--- START ---

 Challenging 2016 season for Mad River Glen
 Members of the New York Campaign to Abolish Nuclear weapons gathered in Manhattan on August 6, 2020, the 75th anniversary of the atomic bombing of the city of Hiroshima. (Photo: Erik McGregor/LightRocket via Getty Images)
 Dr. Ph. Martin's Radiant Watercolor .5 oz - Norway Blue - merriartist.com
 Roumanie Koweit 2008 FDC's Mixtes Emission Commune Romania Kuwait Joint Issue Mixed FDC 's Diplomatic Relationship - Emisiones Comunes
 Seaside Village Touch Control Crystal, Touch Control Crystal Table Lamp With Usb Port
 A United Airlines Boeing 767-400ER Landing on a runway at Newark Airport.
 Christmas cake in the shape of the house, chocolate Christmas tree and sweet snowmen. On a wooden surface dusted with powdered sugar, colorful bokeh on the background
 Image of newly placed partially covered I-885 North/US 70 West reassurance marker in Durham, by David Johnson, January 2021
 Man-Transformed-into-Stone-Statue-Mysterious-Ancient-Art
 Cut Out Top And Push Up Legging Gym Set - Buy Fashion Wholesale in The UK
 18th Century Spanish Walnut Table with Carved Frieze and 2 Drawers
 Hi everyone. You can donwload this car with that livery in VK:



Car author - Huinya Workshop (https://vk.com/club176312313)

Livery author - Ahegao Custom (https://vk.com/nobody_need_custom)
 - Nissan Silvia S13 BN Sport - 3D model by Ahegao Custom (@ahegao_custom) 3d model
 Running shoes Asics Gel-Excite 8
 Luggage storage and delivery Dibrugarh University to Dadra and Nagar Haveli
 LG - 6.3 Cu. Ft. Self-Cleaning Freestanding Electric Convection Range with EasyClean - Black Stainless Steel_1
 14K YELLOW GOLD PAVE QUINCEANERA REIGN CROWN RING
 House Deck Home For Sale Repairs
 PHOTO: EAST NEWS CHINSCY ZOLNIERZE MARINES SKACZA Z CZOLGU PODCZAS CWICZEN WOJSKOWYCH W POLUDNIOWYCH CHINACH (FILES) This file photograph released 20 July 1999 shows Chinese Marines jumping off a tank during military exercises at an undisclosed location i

--- END ---

_PROBLEM TO SOLVE_
Which lines of the data hold the string "Custom"? Return each of them.

_EXERCISE OUTPUT_
Livery author - Ahegao Custom (https://vk.com/nobody_need_custom)
 - Nissan Silvia S13 BN Sport - 3D model by Ahegao Custom (@ahegao_custom) 3d model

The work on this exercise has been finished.